** Prompt **
Return the run of lines below that opens with the line containing "Đại hội Cháu" and closes with the line containing "ONA見せカーニバル!! Vol3 ゲイのオナニー映像", keeping each one exact.

** Exercise data follows **

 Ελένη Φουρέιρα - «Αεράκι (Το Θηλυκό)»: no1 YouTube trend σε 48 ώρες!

** End of Exercise data **
** Exercise data follows **

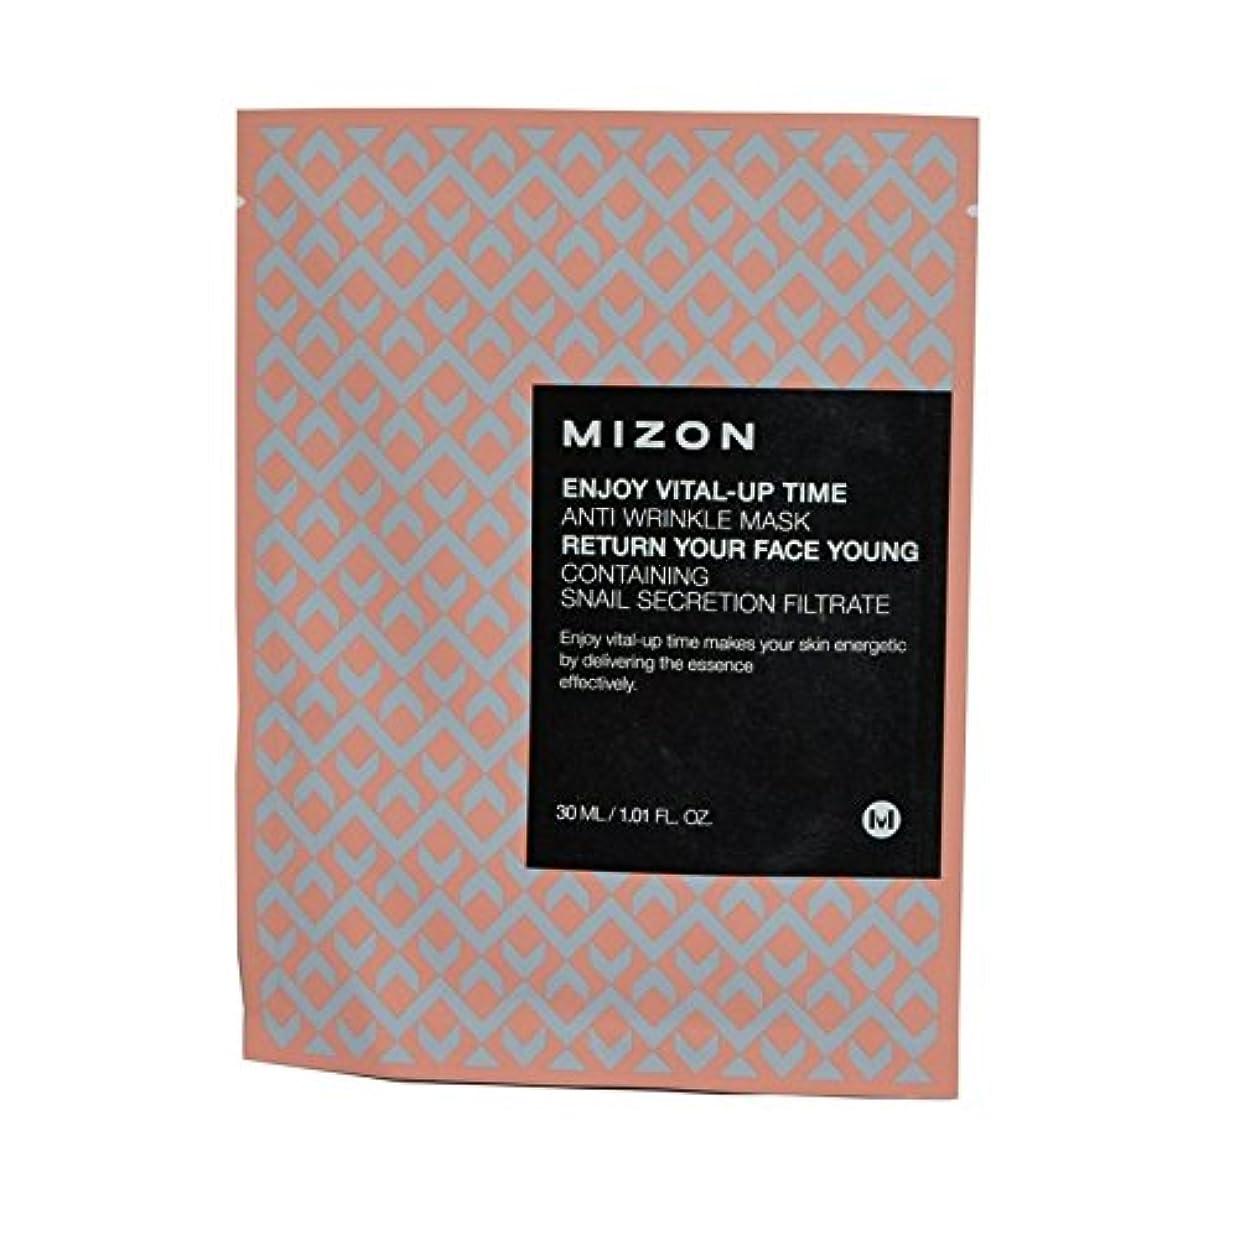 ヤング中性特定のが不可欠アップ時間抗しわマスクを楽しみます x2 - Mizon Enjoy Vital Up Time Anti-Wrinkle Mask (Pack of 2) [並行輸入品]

** End of Exercise data **
** Exercise data follows **

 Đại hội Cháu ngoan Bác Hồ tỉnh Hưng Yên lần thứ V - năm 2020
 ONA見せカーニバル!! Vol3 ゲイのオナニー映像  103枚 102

** End of Exercise data **

** Reply to the task **
 Đại hội Cháu ngoan Bác Hồ tỉnh Hưng Yên lần thứ V - năm 2020
 ONA見せカーニバル!! Vol3 ゲイのオナニー映像  103枚 102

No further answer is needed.